The balancing act of inflation and deflation

Overall inflation (the combined finished goods and service inflation) in the United States’ economy has been below the 2 percent target since 2008. Attempts to inflate prices through rounds of quantitative easing to avoid falling in the deflationary trap have not produced the desired results. While service inflation just started to tick up since 2008, the goods inflation has followed a bell-shaped trajectory.

If an economy falls into a deflationary trap, it will be difficult to climb out of it. Japan has spent two decades in a deflationary trap. New technologies, robots, high unemployment, low wages and a glut of commodities, particularly oil, have worked together to keep inflation below target in the U.S. and other countries.

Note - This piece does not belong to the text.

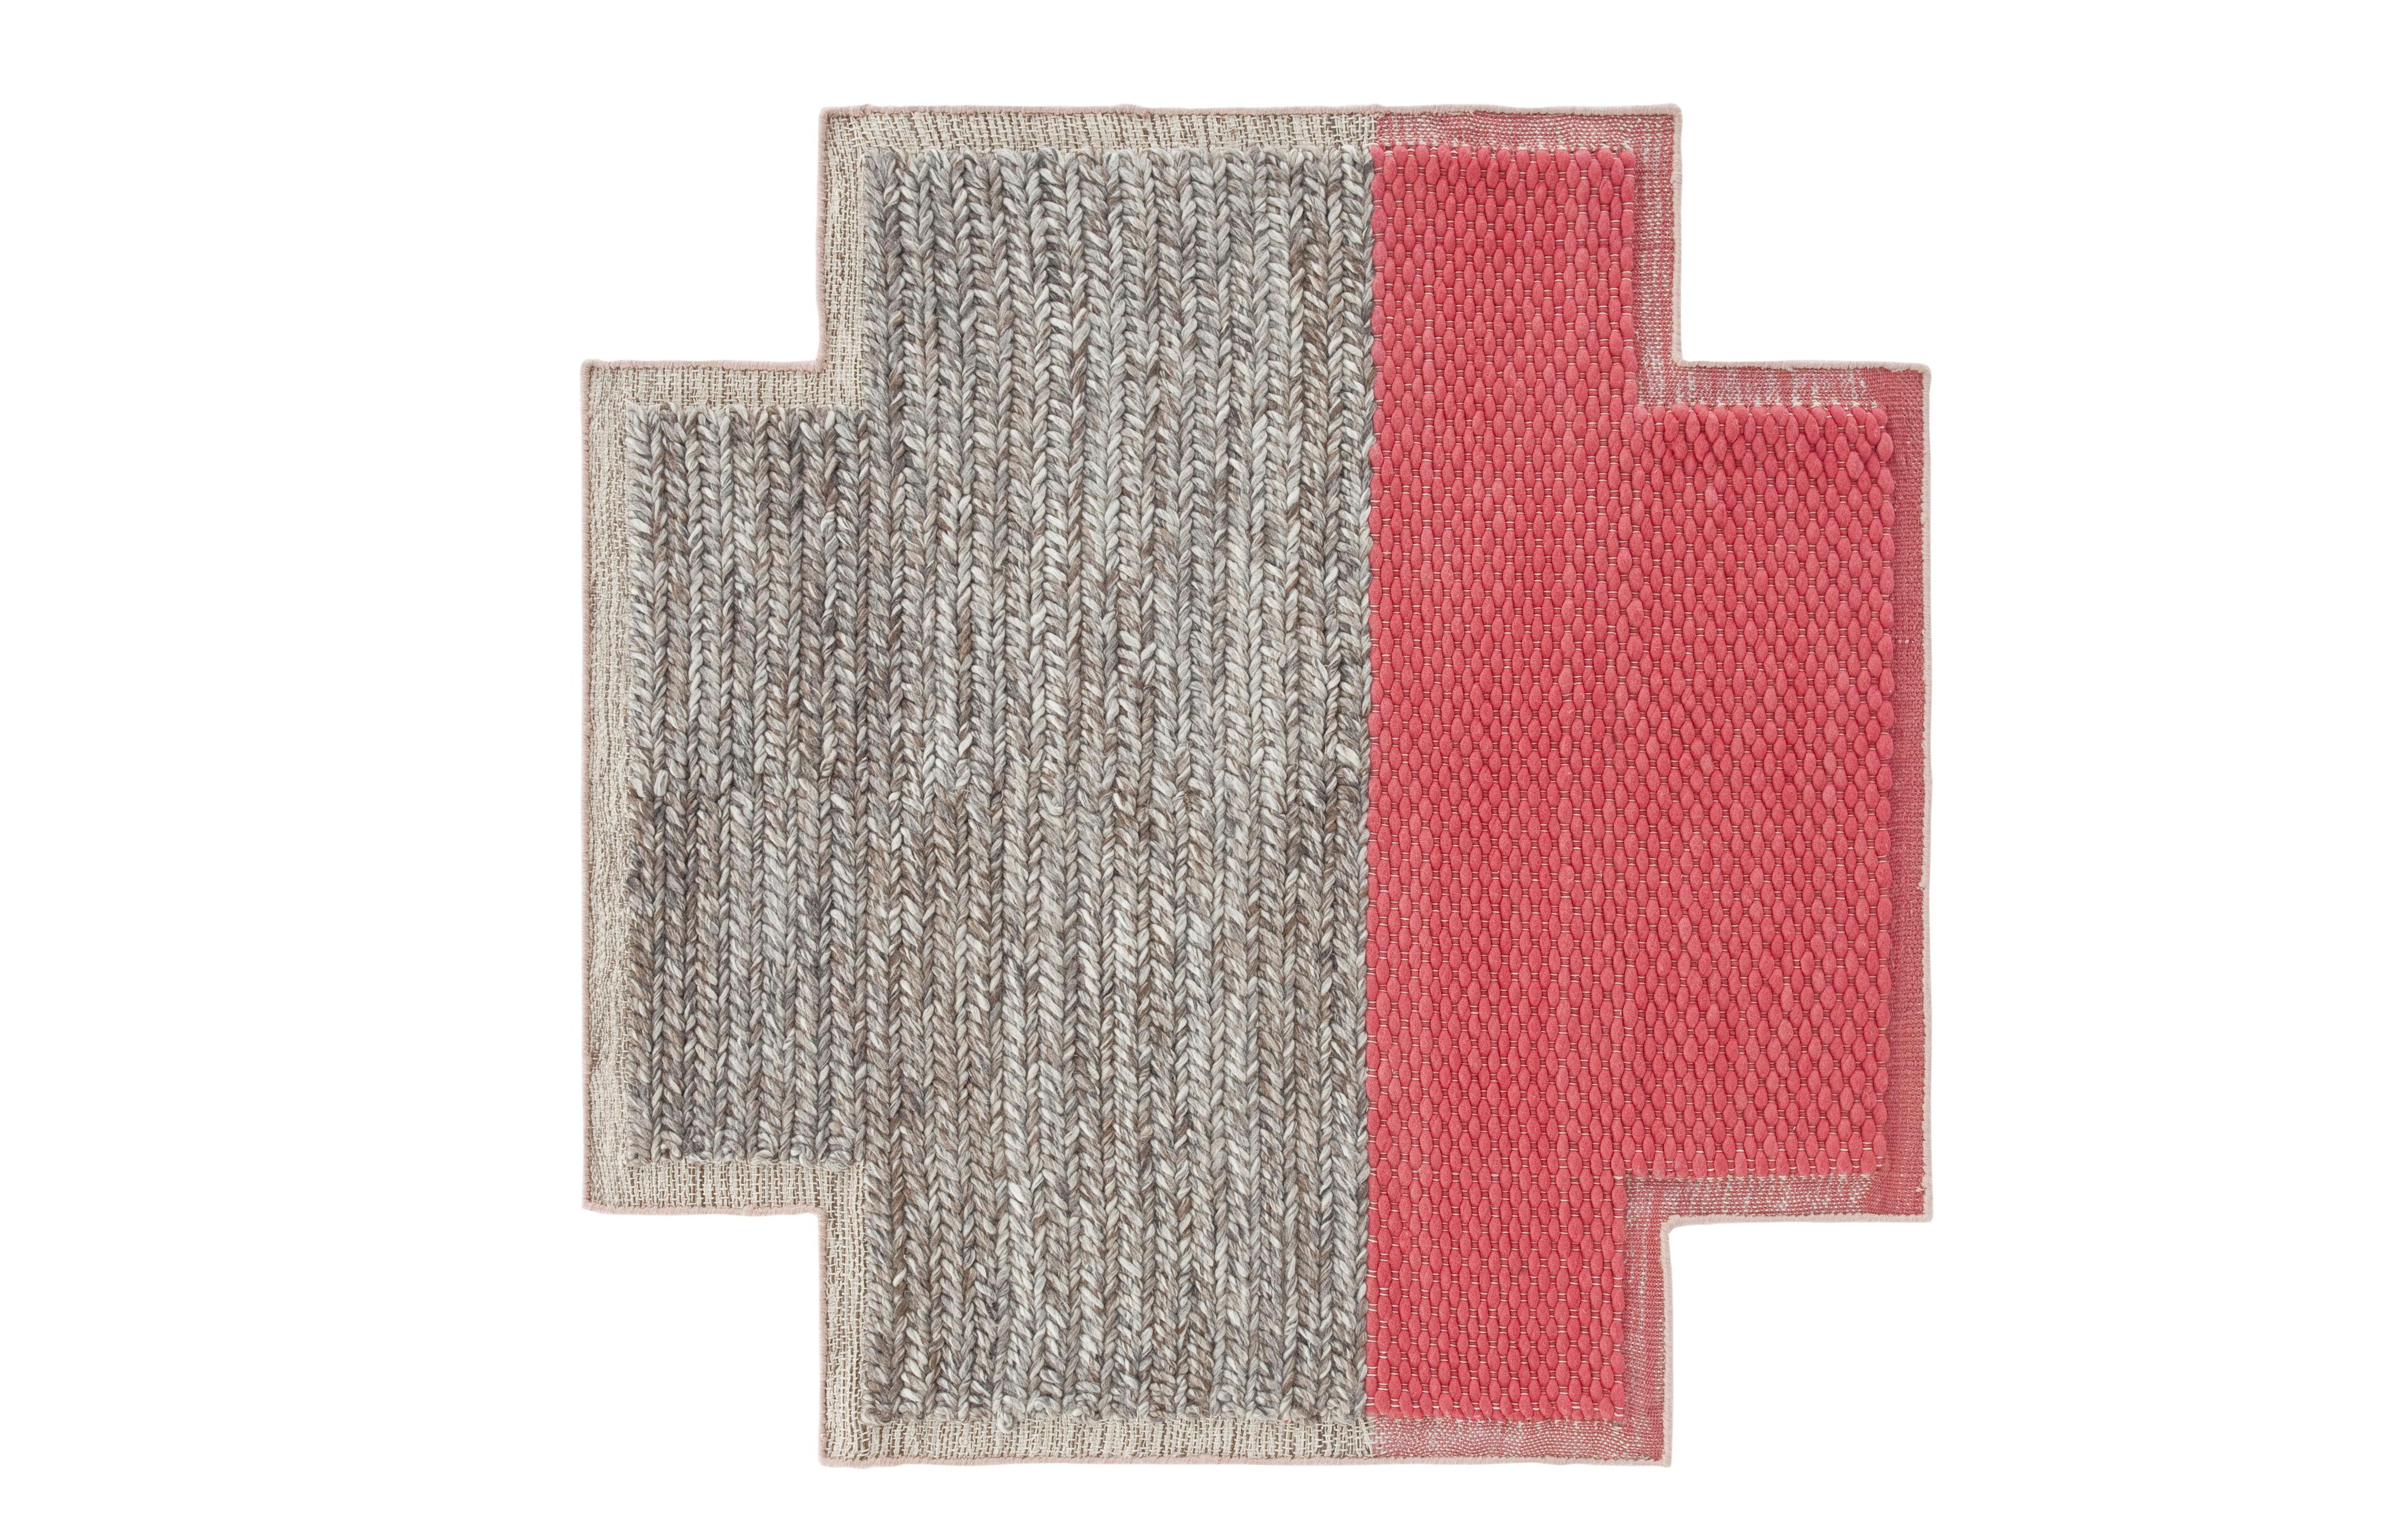 Decoration - Rugs - Mangas Space Plait Rug - / 160 x 160 cm by Gan - Coral - Virgin wool

Last month’s jobs report shows that the unemployment rate has reached 5 percent, which is the lowest rate in six years and is very close to the Fed’s estimates of the 4.8 percent full employment unemployment rate. Moreover, the wage rate increased by 2.5 percent in that month, which is greater than the 2 percent that has prevailed since the Great Recession.

Labor is a service and a factor of production. Thus, it is an important ingredient in producing many services such as information, transportation, insurance, healthcare, telecommunications, banking, real estate, legal services, advertising, employment services, waste collection, computer training, etc.

The service sector is more than 70 percent of the U.S. economy, and correspondingly the service inflation is about two thirds of the overall U.S. inflation. The service inflation has recently been rising and the U.S. Bureau of Labor Statistics considers it the best gauge of inflation. This inflation is expected to spill over to the goods inflation and also increase inflation expectations which have been anchored since the 2008 global financial crisis.

This assertion of rising service inflation and ensuing possible increases in inflation expectations have many implications for the U.S. economy, ranging from changes in interest rates (including mortgage rates) to consumer prices to exchange rates. Expected inflation increases interest rates, which in turn affect financial spreads around the world, and also impacts exchange rate differentials, which all affect general consumer prices.

Research should be done on understanding the time lag it takes for service inflation to manifest itself in the overall inflation. The longer the lag is, the better the adjustment of the economy to a stable inflation environment will be. It is known that present inflation feeds on past inflation through changes in inflation expectations and it could get out of hand.

At this time, we should pay more attention to service inflation than to the consumer price index.